● **Raw data**
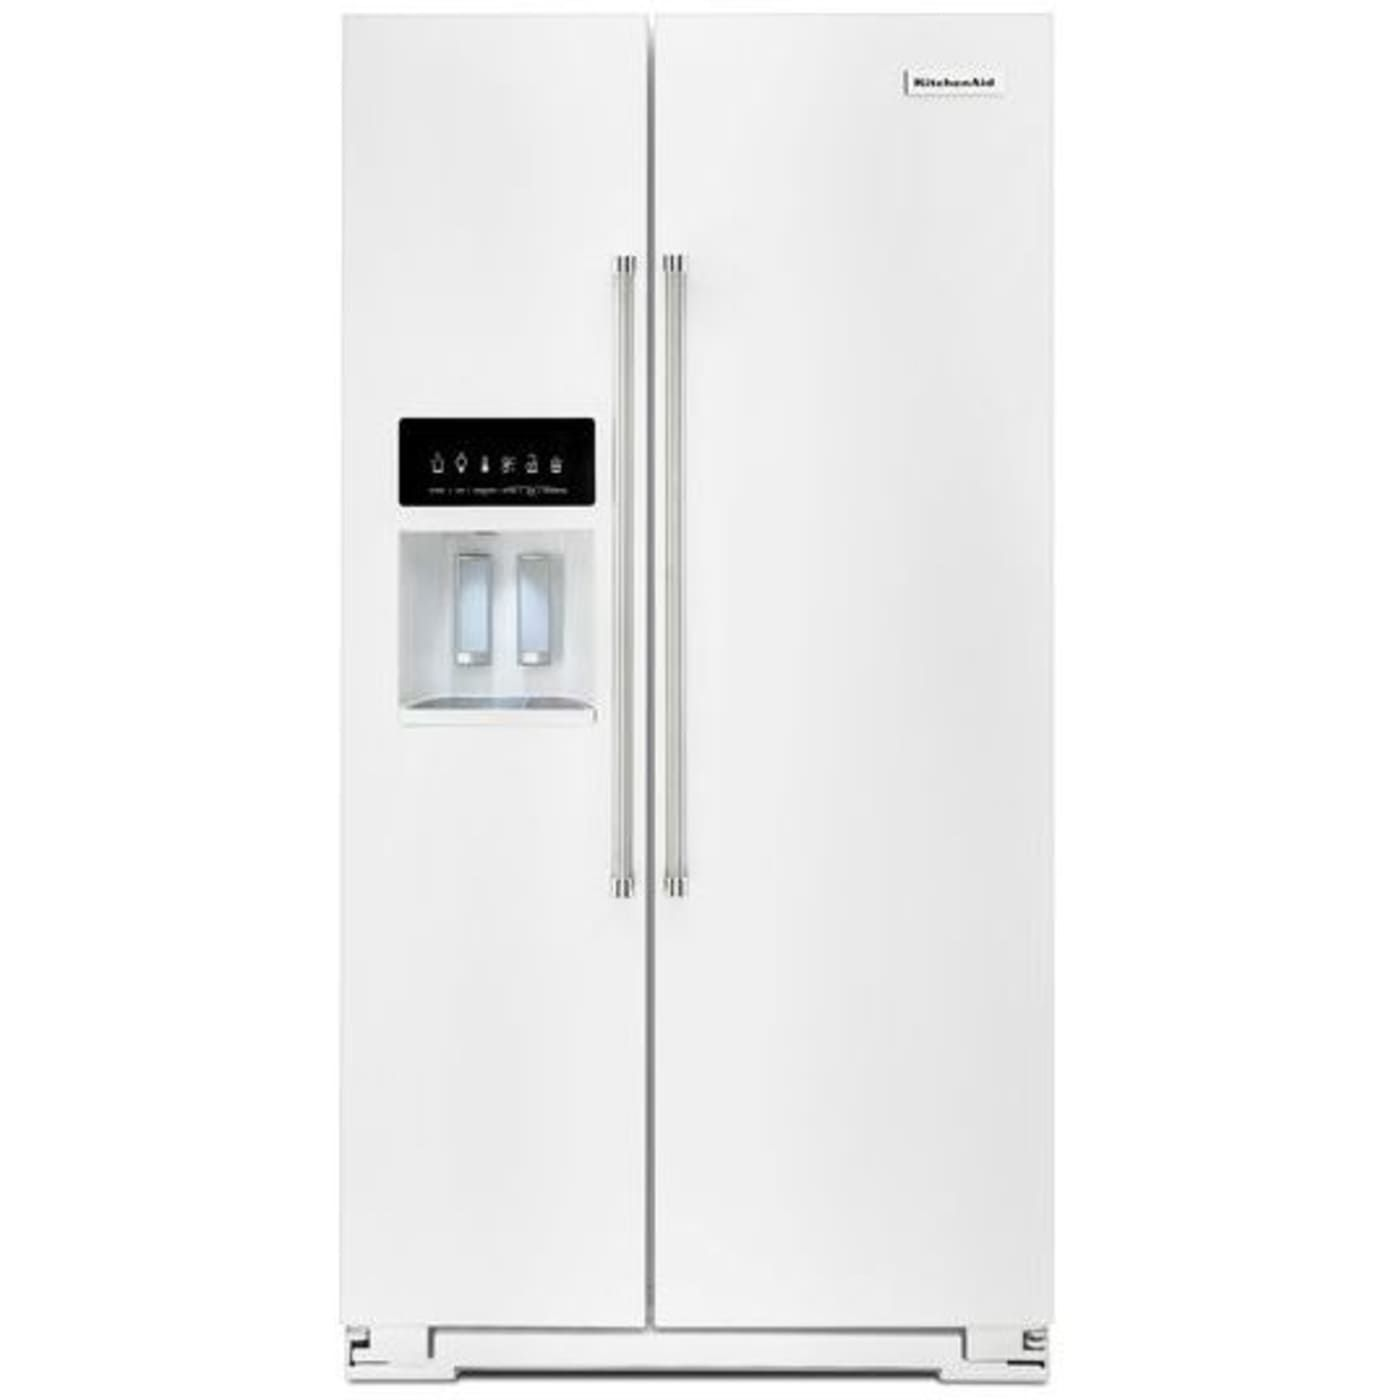 Krsf505ewh by kitchenaid sidebyside refrigerators
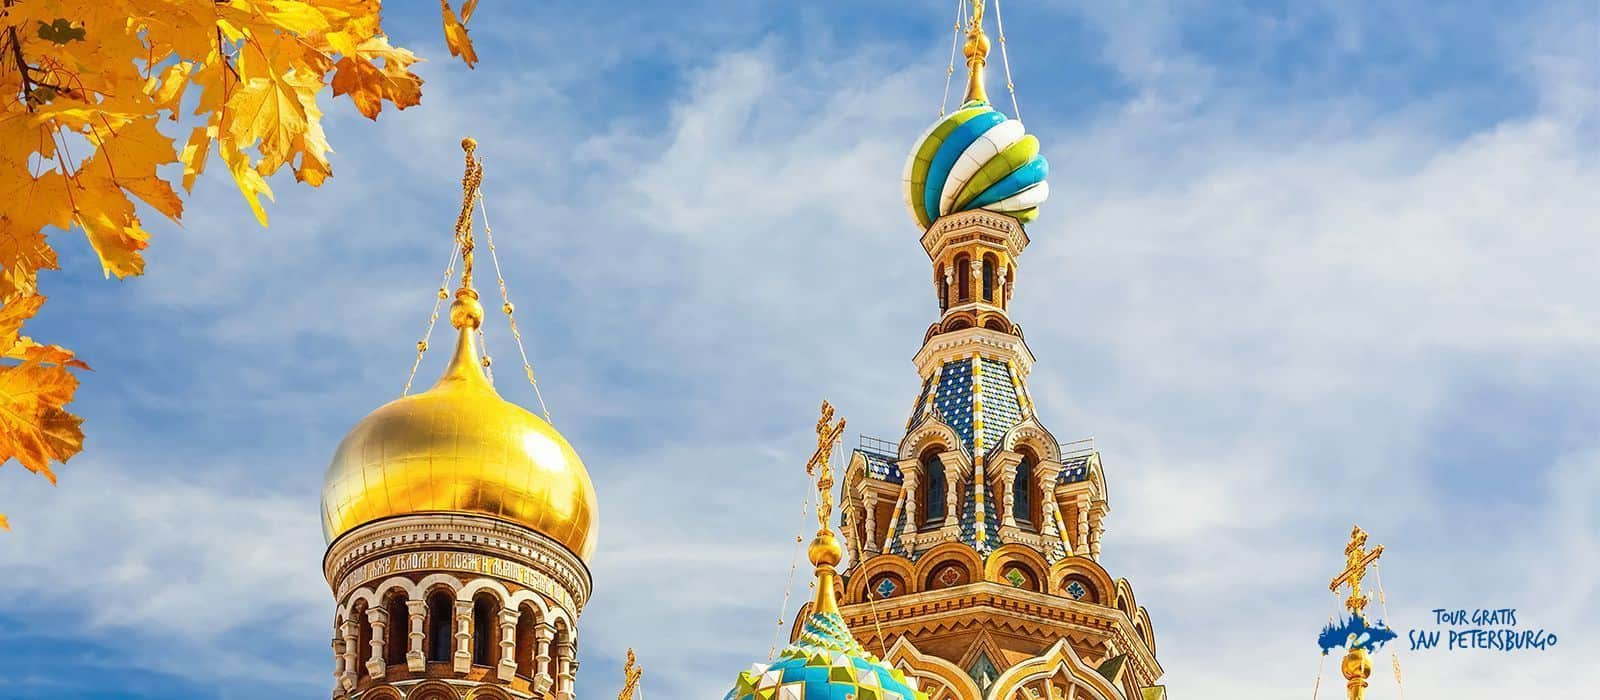 Tour Gratis Centro San Petersburgo
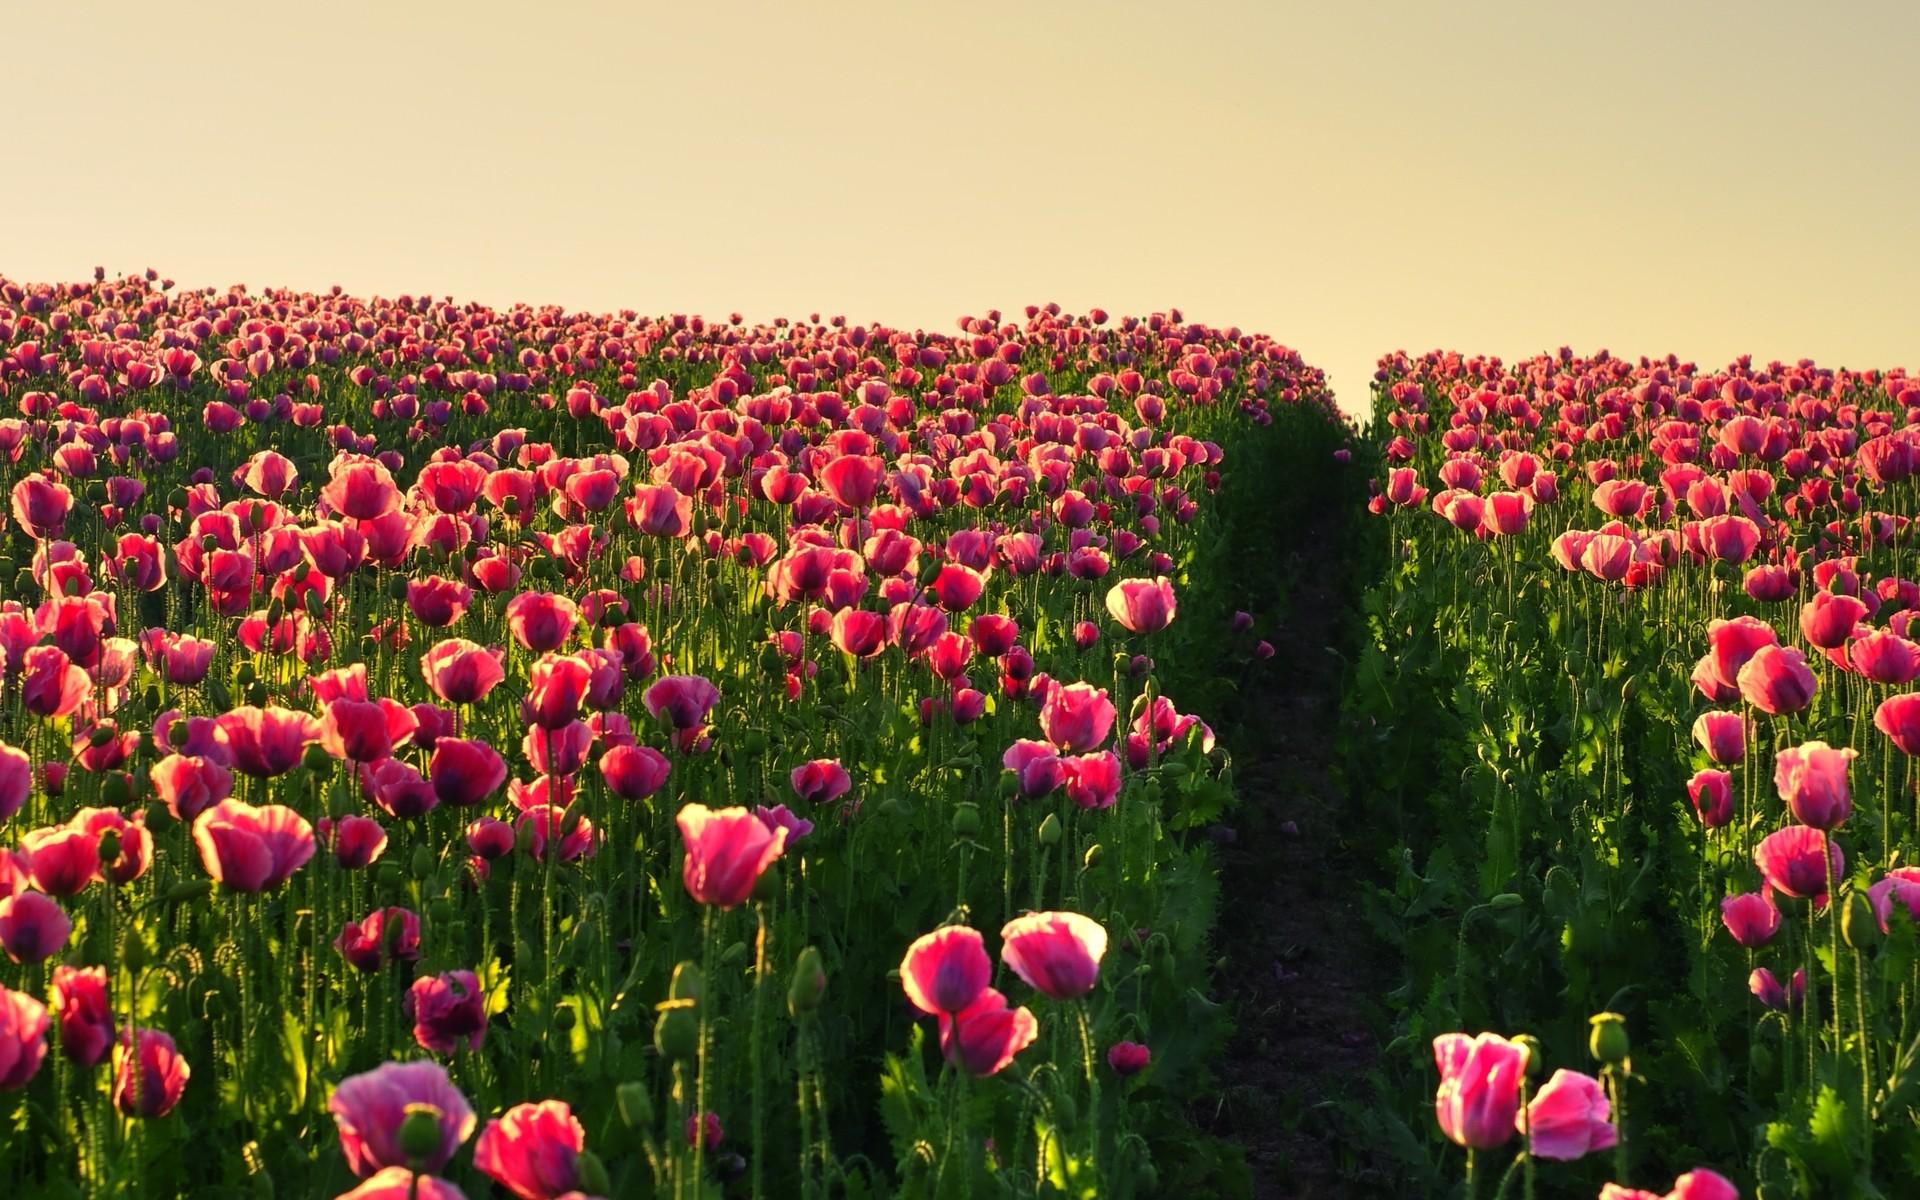 Gorgeous Flower Field Wallpaper

● **Task brief**
Print the material above once more, exactly. No pictures belong in it.

● **Solution**
 Krsf505ewh by kitchenaid sidebyside refrigerators
 Tour Gratis Centro San Petersburgo
 Gorgeous Flower Field Wallpaper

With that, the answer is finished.